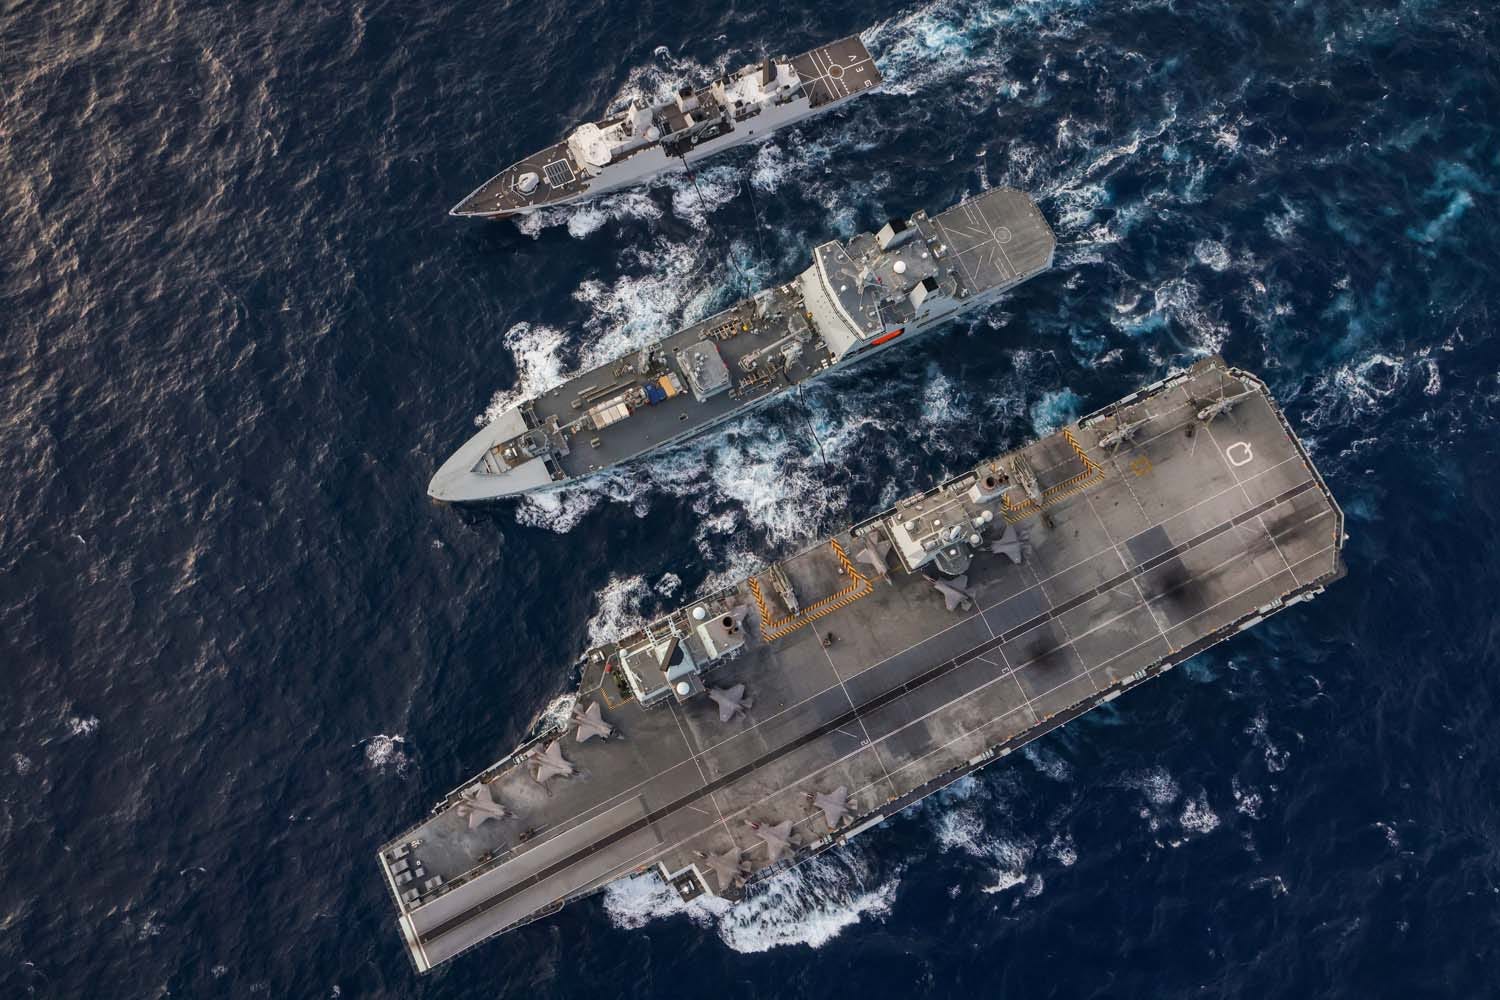 RFA Tidespring replenishment at sea with HMS Queen Elizabeth HNLMS Evertsen
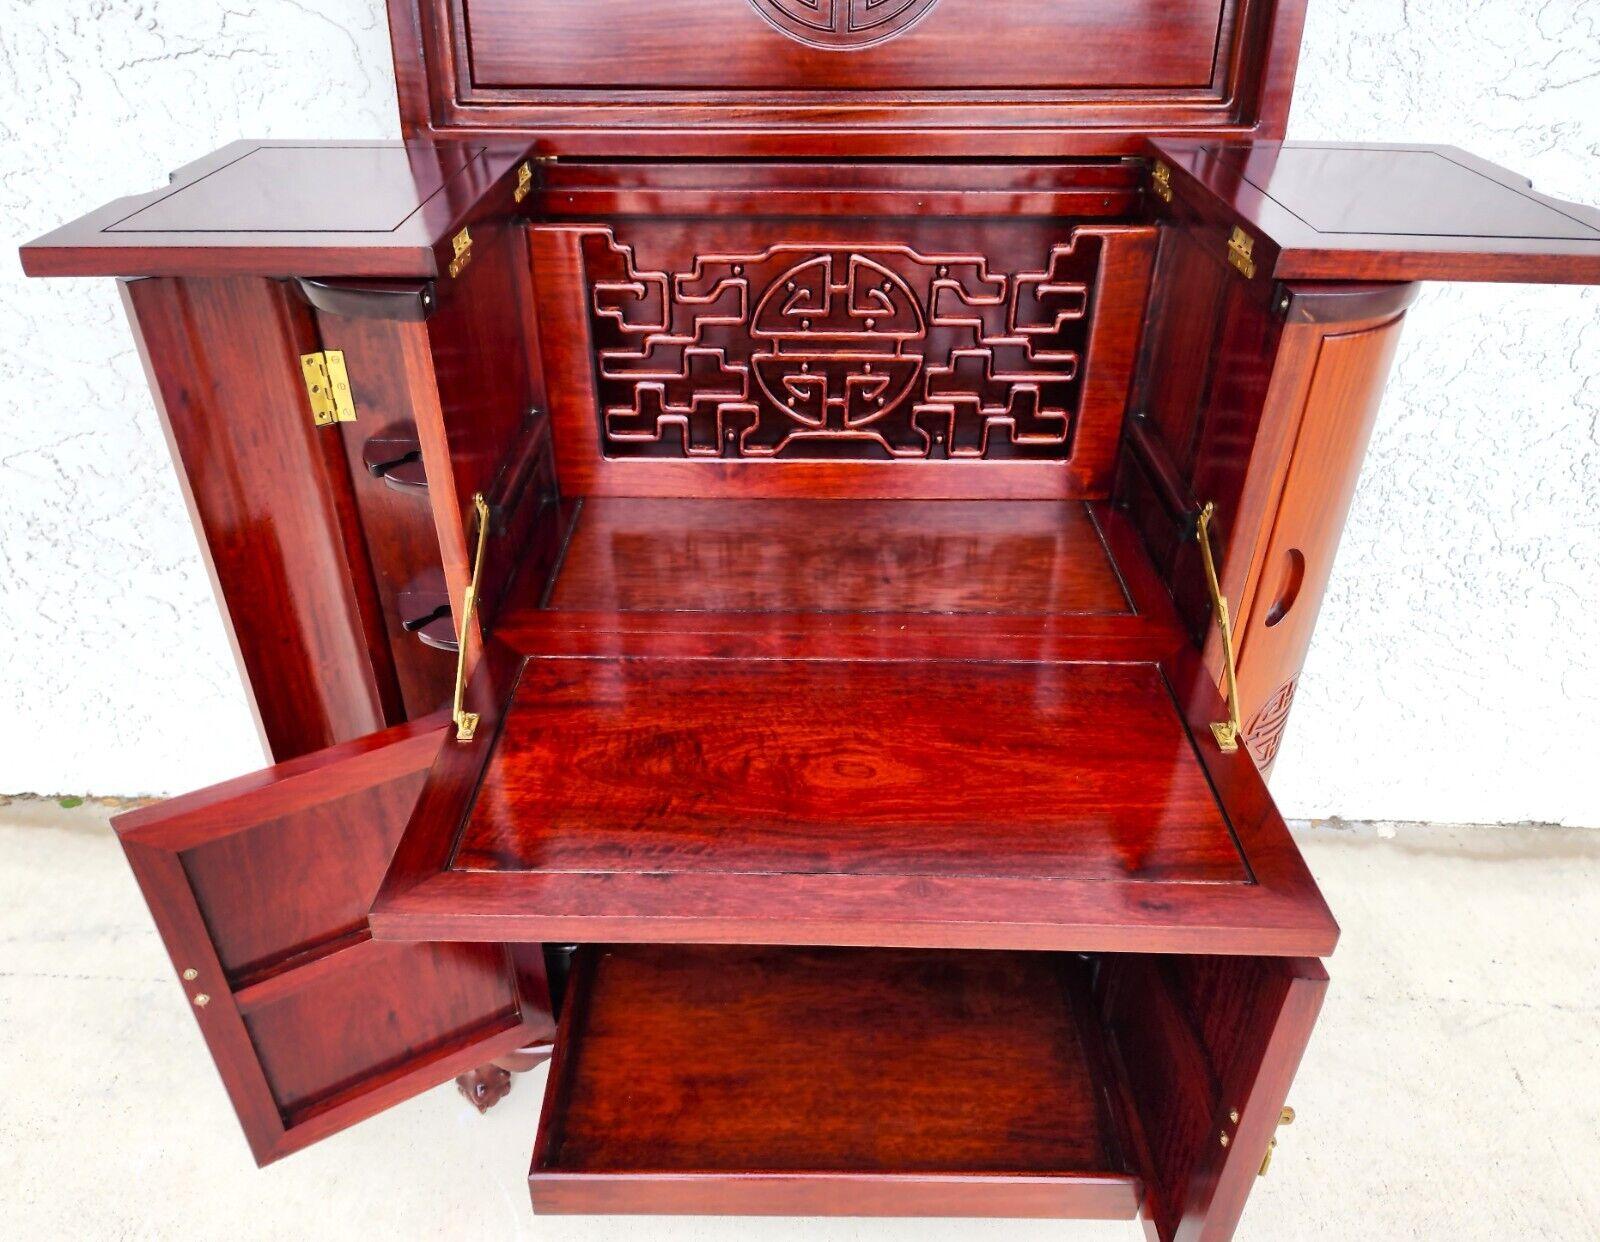 For FULL item description click on CONTINUE READING at the bottom of this page.

Offering One Of Our Recent Palm Beach Estate Fine Furniture Acquisitions Of A 
1970s Asian Oriental Hand-Carved Rosewood Dry Bar Cabinet Flip Top 
Wonderfully detailed
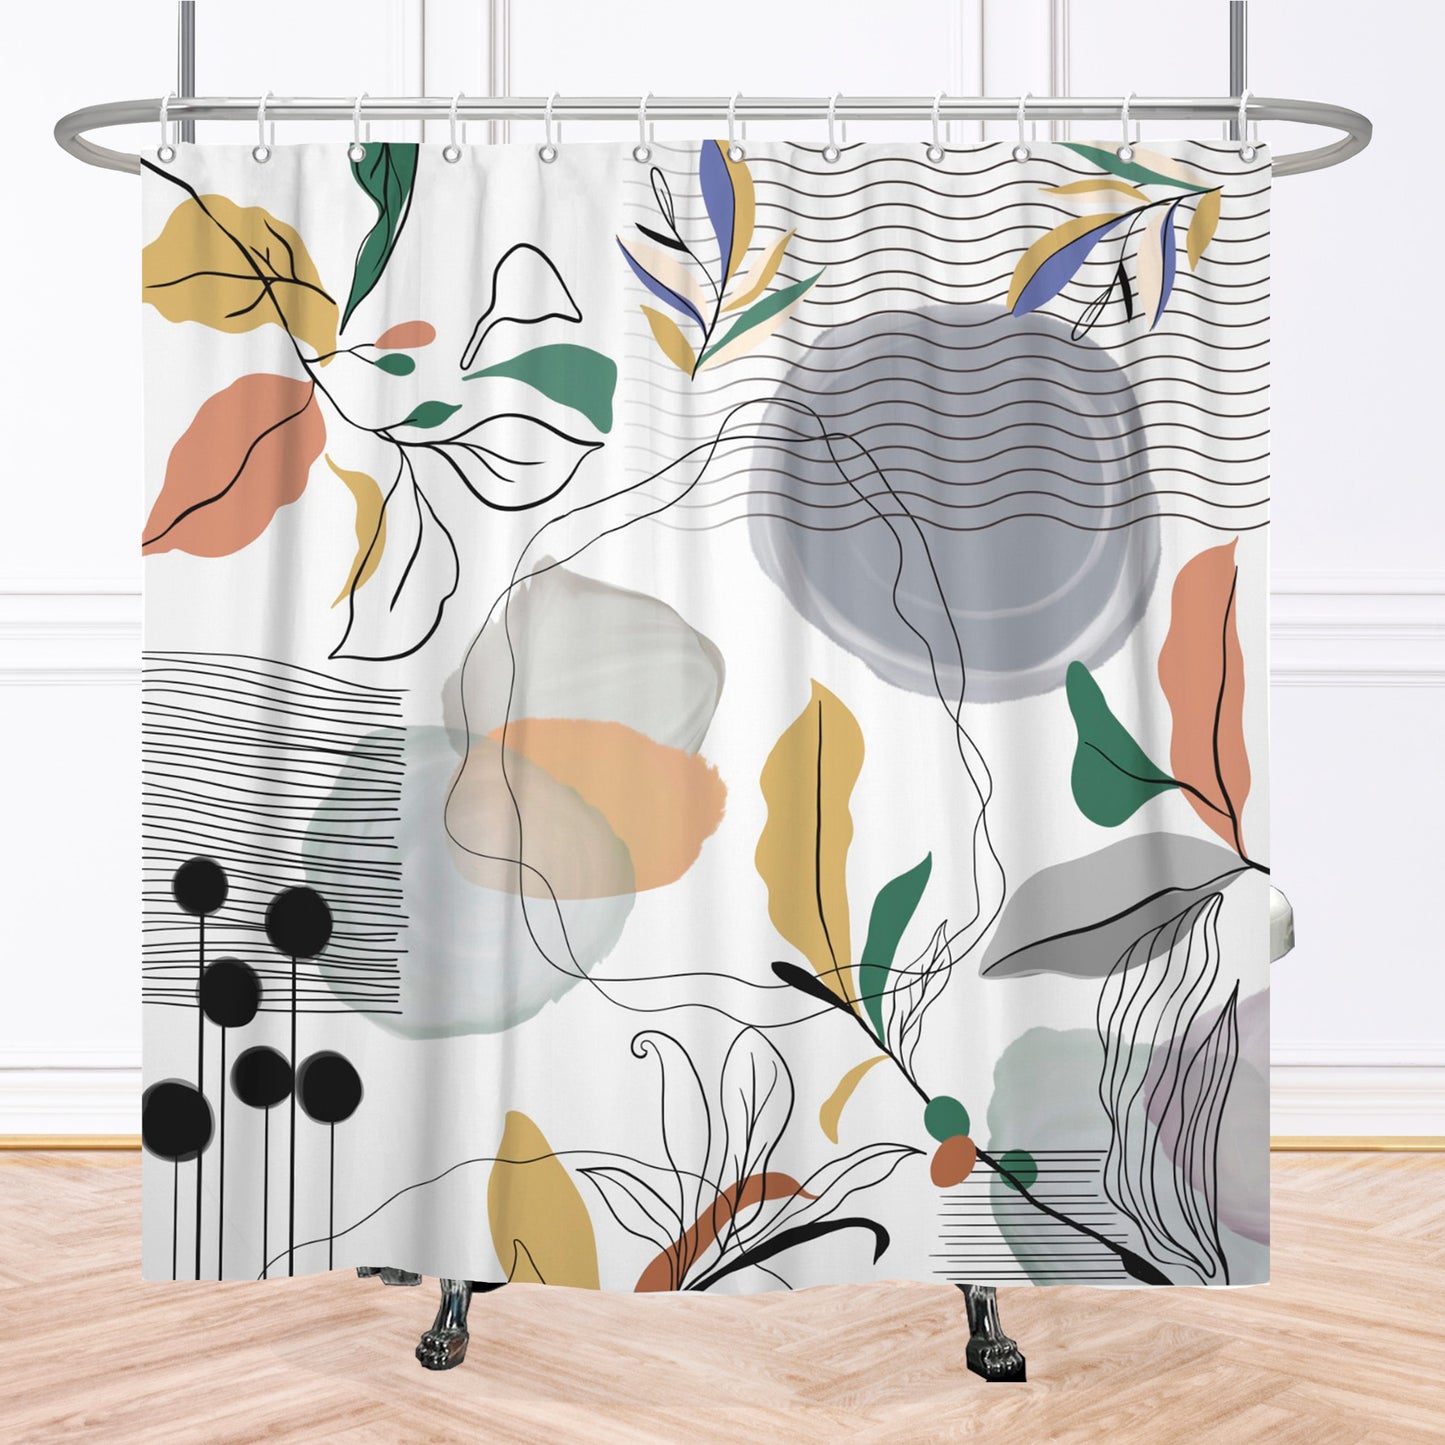 maoma art shower curtain bathroom. white and floral abstract. cortinas de baño

* * * * * * * * *

### [WHAT IS EXPECTED]
Up to and including the line that contains "Offering One Of", print the records above exactly from their first line, without any pictures.

### [RESULT]
 RFA Tidespring replenishment at sea with HMS Queen Elizabeth HNLMS Evertsen
 For FULL item description click on CONTINUE READING at the bottom of this page.

Offering One Of Our Recent Palm Beach Estate Fine Furniture Acquisitions Of A 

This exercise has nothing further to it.